I doubt that there are really any non-bmp chars. As Steven said, reject
such false identifications.
That's a natural for UTF-8

3.3 would convert to utf-8 for storage on disk.
but the PEP-393 approach would bloat up the memory
requirements by a factor of 4.

3.2- wide builds would *always* use 4 bytes/char. Is not occasionally
better than always?
py> s = chr(0xFFFF + 1)
py> a, b = s

That looks like Python 3.2 is buggy and that sample should just throw an
error. s is a one-character string and should not be unpackable.

That looks like a 3.2- narrow build. Such which treat unicode strings as
sequences of code units rather than sequences of codepoints. Not an
implementation bug, but compromise design that goes back about a decade
to when unicode was added to Python. At that time, there were only a few
defined non-BMP chars and their usage was extremely rare. There are now
more extended chars than BMP chars and usage will become more common
even in English text.

Pre 3.3, there are really 2 sub-versions of every Python version: a
narrow build and a wide build version, with not very well documented
different behaviors for any string with extended chars. That is and
would have become an increasing problem as extended chars are
increasingly used. If you want to say that what was once a practical
compromise has become a design bug, I would not argue.

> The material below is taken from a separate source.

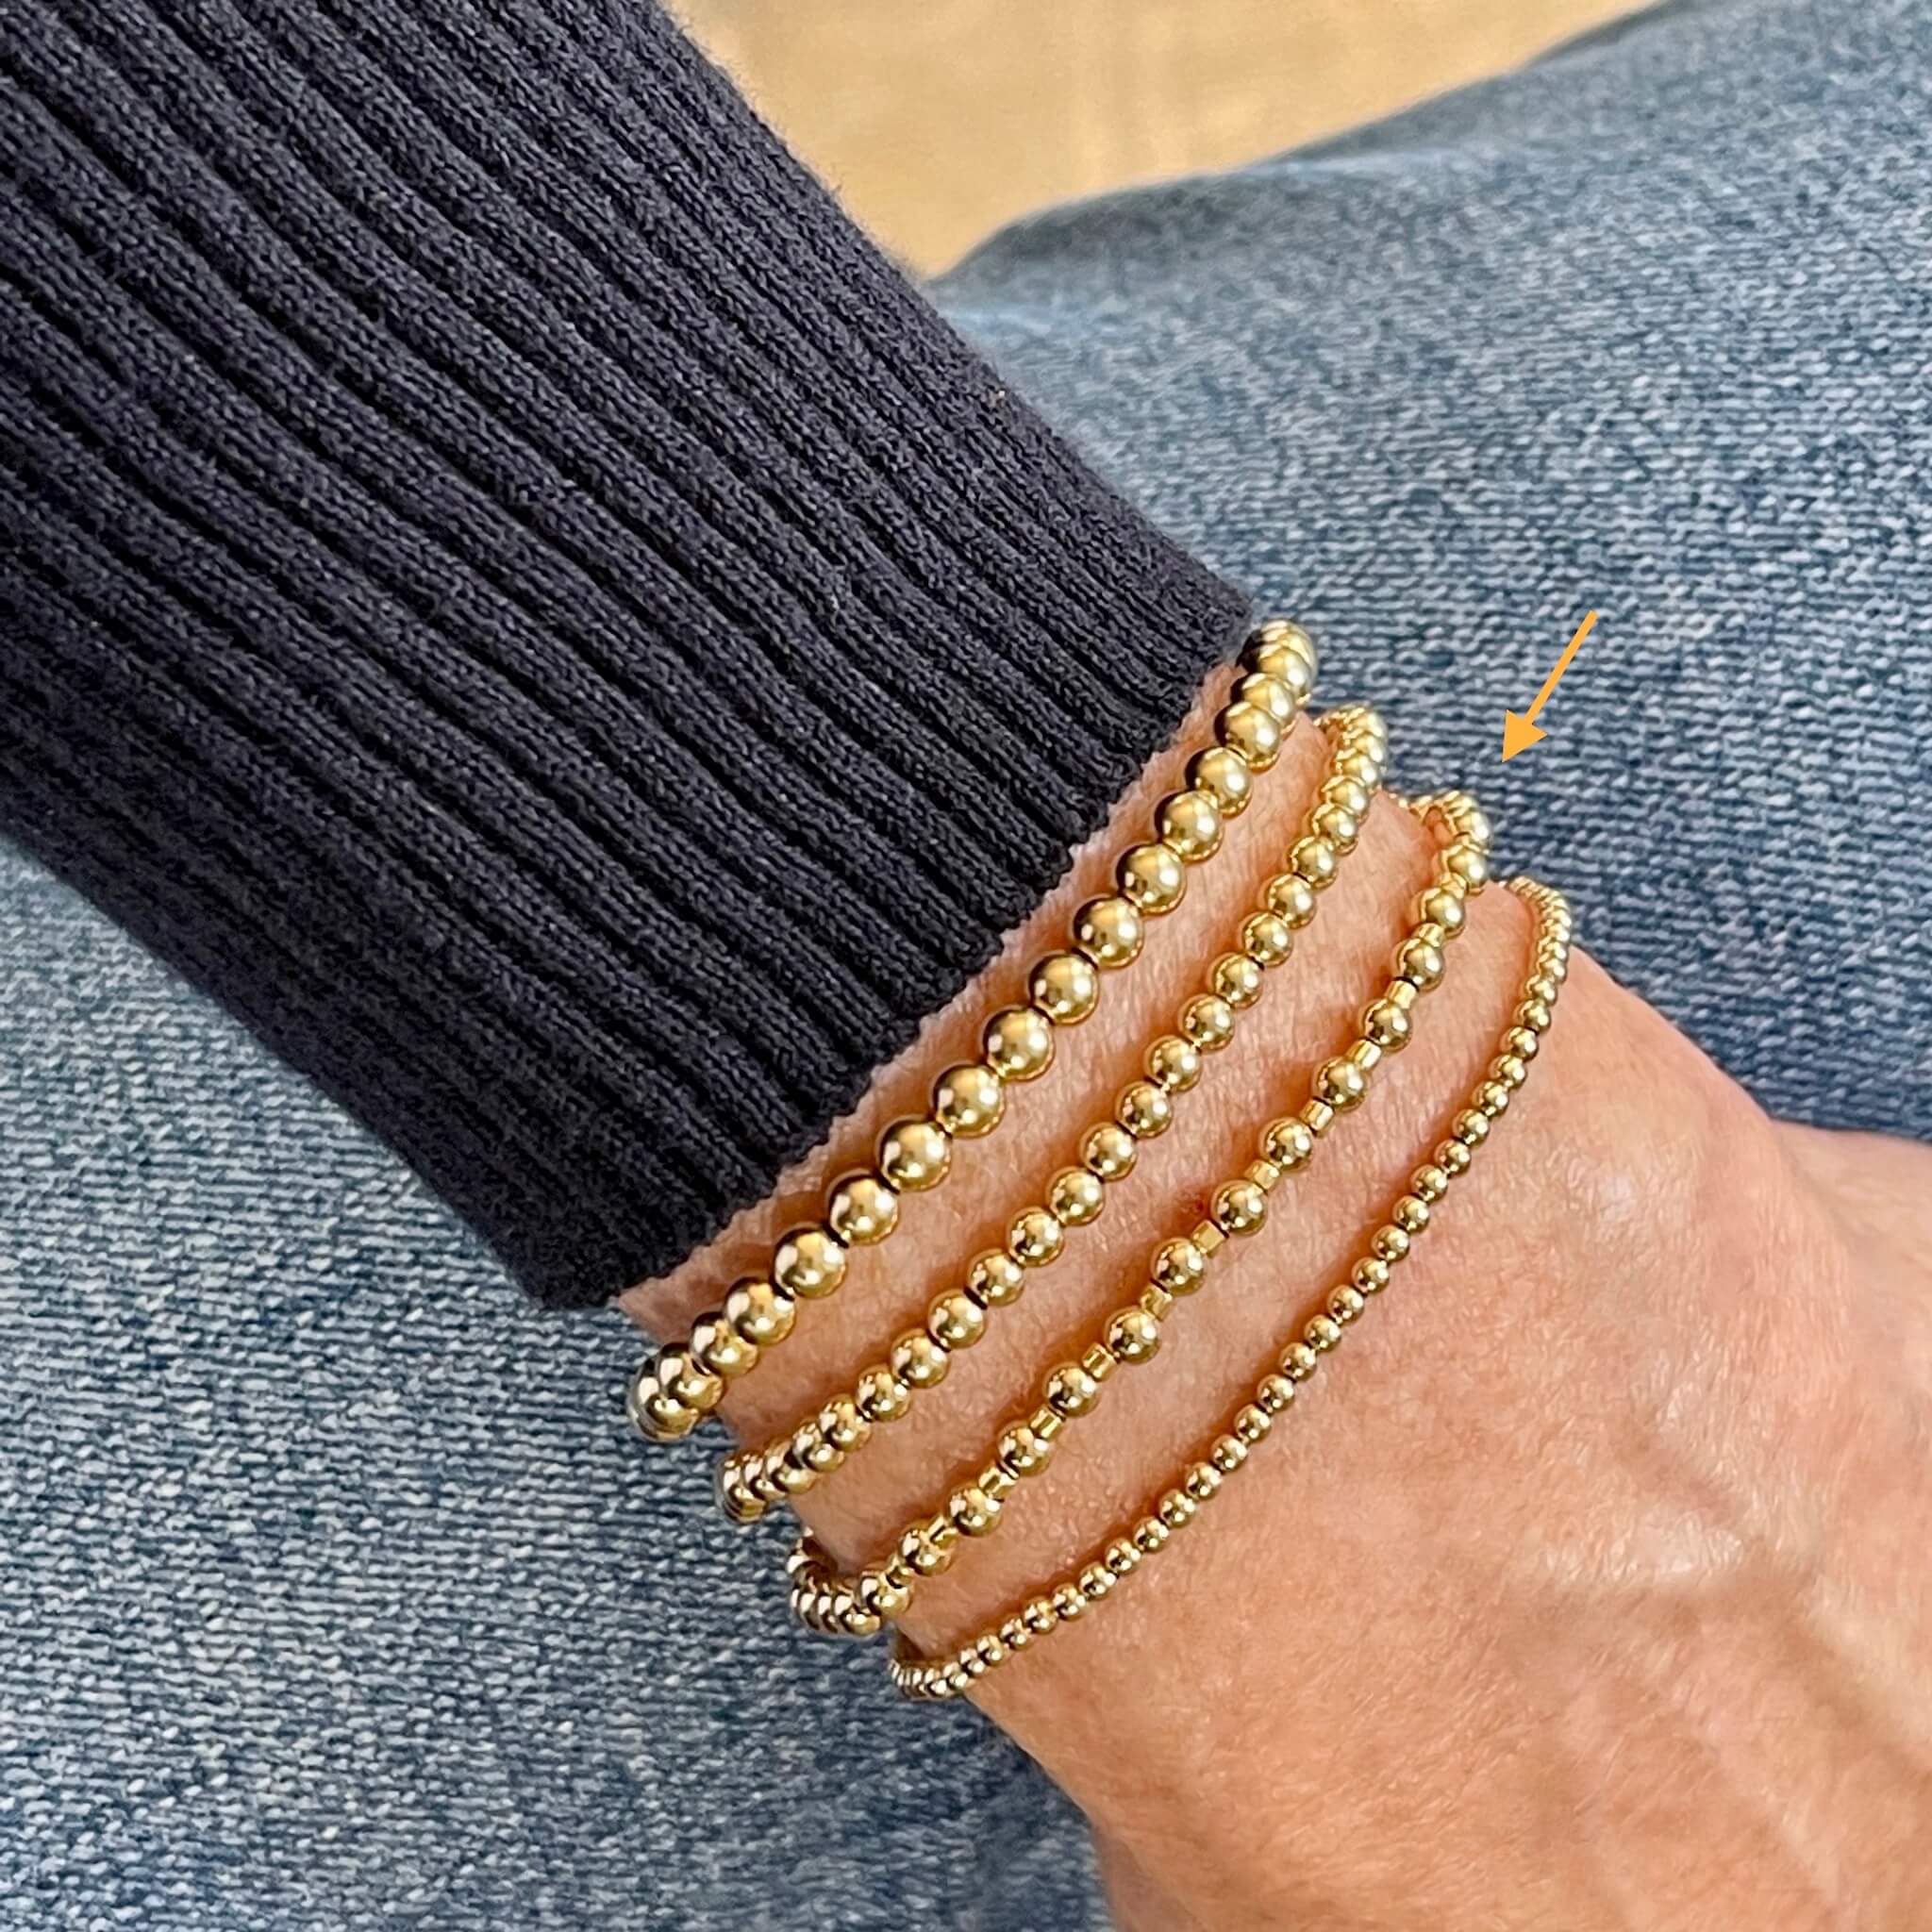 Addison Stretch Bracelet in Gold | Kendra Scott

In any case, 3.3
fixes that split and returns Python to being one cross-platform language.
I realize the folks who designed and implemented PEP 393 are very smart
cookies and considered stuff carefully, while I'm just an internet user
posting an immediate impression of something I hadn't seen before (I
still use Python 2.6), but I still have to ask: if the 393 approach
makes sense, why don't other languages do it?

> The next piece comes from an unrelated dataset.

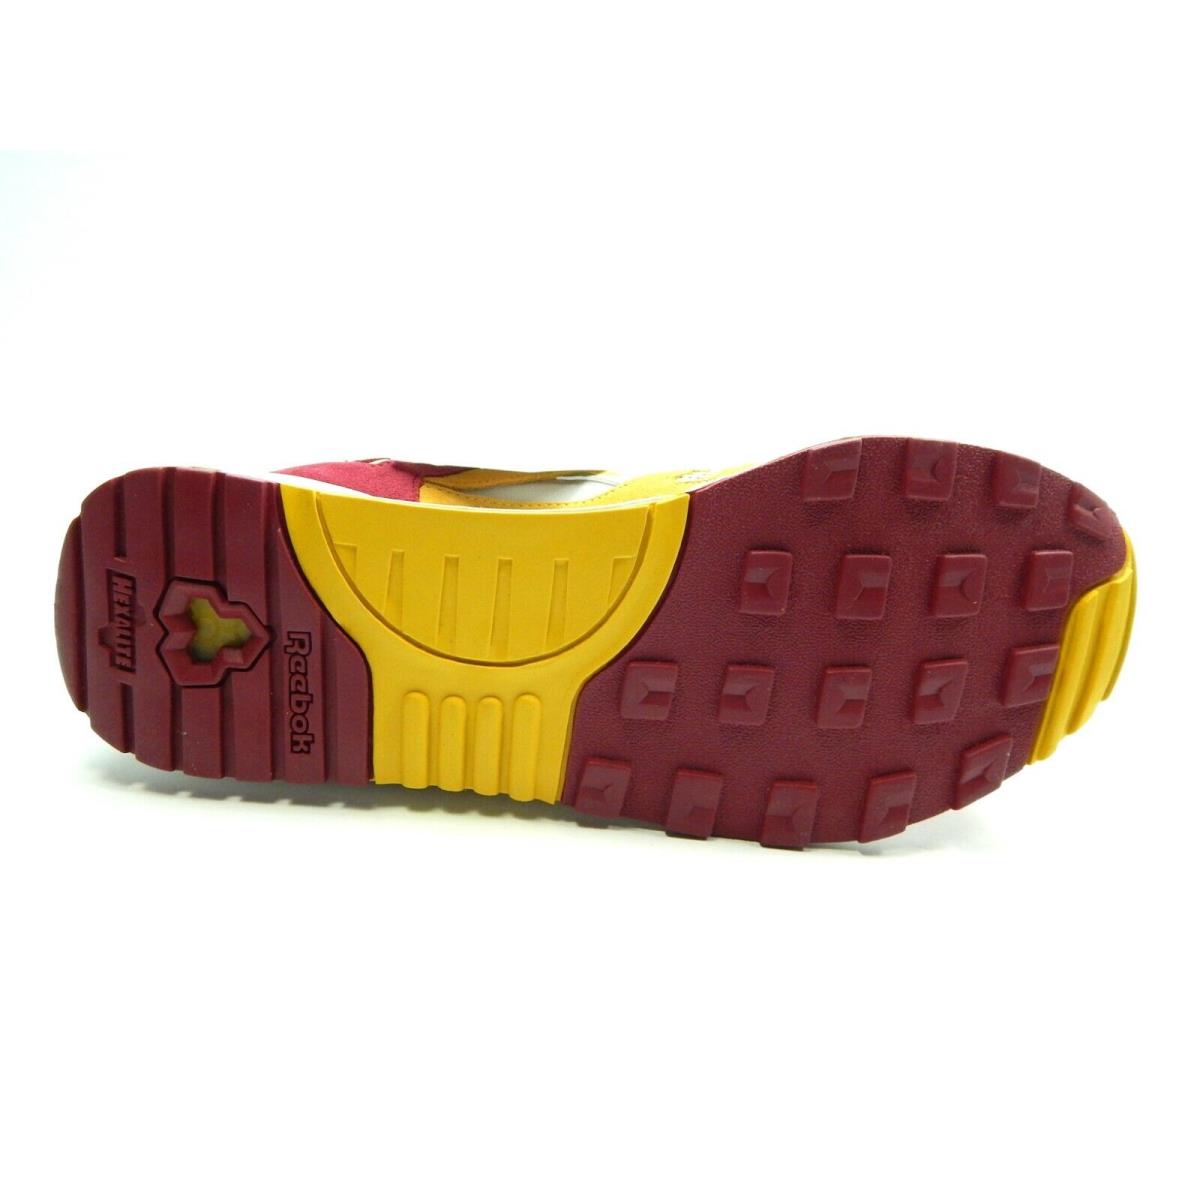 Reebok shoes Ventilator Classic - gold pink 3

Python has often copied or borrowed, with adjustments. This time it is
the first. We will see how it goes, but it has been tested for nearly a
year already.
Ropes of UTF-8 segments seems like the most obvious approach and I
wonder if it was considered. By that I mean pick some implementation
constant k (say k=128) and represent the string as a UTF-8 encoded byte
array, accompanied by a vector n//k pointers into the byte array, where
n is the number of codepoints in the string. Then you can reach any
offset analogously to reading a random byte on a disk, by seeking to the
appropriate block, and then reading the block and getting the char you
want within it. Random access is then O(1) though the constant is
higher than it would be with fixed width encoding.

I would call it O(k), where k is a selectable constant. Slowing access
by a factor of 100 is hardly acceptable to me. For strings less than k,
access is O(len). I believe slicing would require re-indexing.

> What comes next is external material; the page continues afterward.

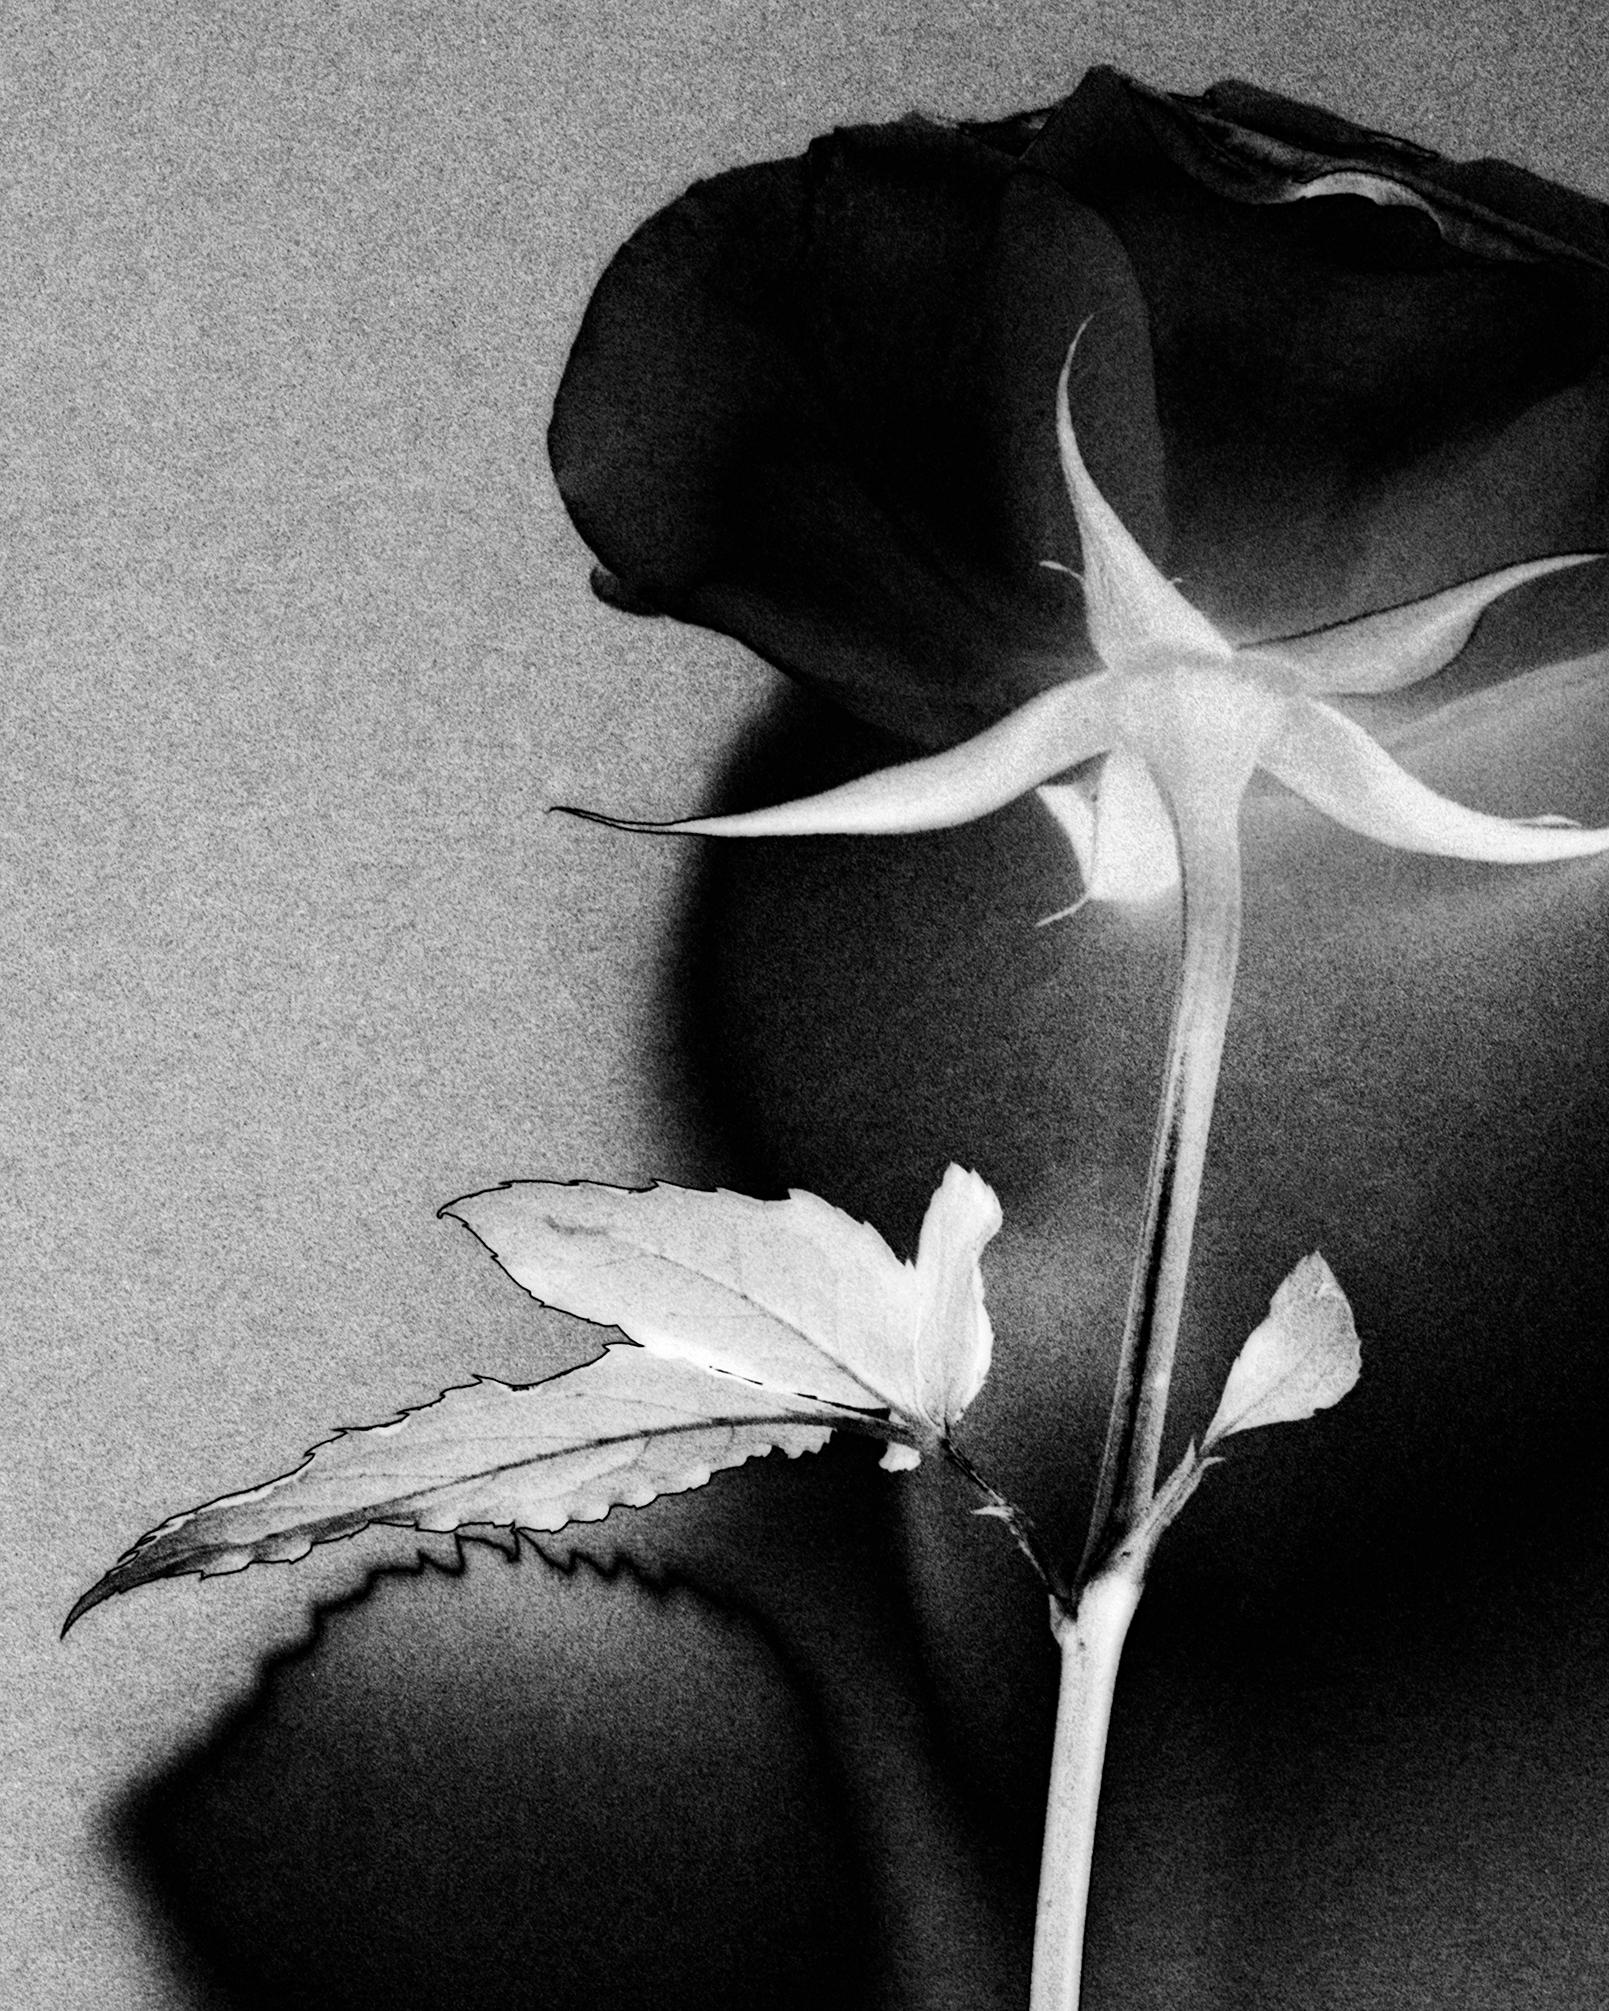 Black rose - analogue still-life photograph - Photograph by Ugne Pouwell

As 393 was near adoption, I proposed a scheme using utf-16 (narrow
builds) with a supplementary index of extended chars when there are any.
That makes access O(1) if there are none and O(log(k)), where k is the
number of extended chars in the string, if there are some.
 
P

Paul Rubin

Terry Reedy said:
I am completely baffled by this, as this example is one where the 393
approach potentially wins.

What? The 393 approach is supposed to avoid memory bloat and that
does the opposite.
3.3 stores ascii pages 1 byte/char rather than 2 or 4.

But they are not ascii pages, they are (as stated) MOSTLY ascii.
E.g. the characters are 99% ascii but 1% non-ascii, so 393 chooses
a much more memory-expensive encoding than UTF-8.
I doubt that there are really any non-bmp chars.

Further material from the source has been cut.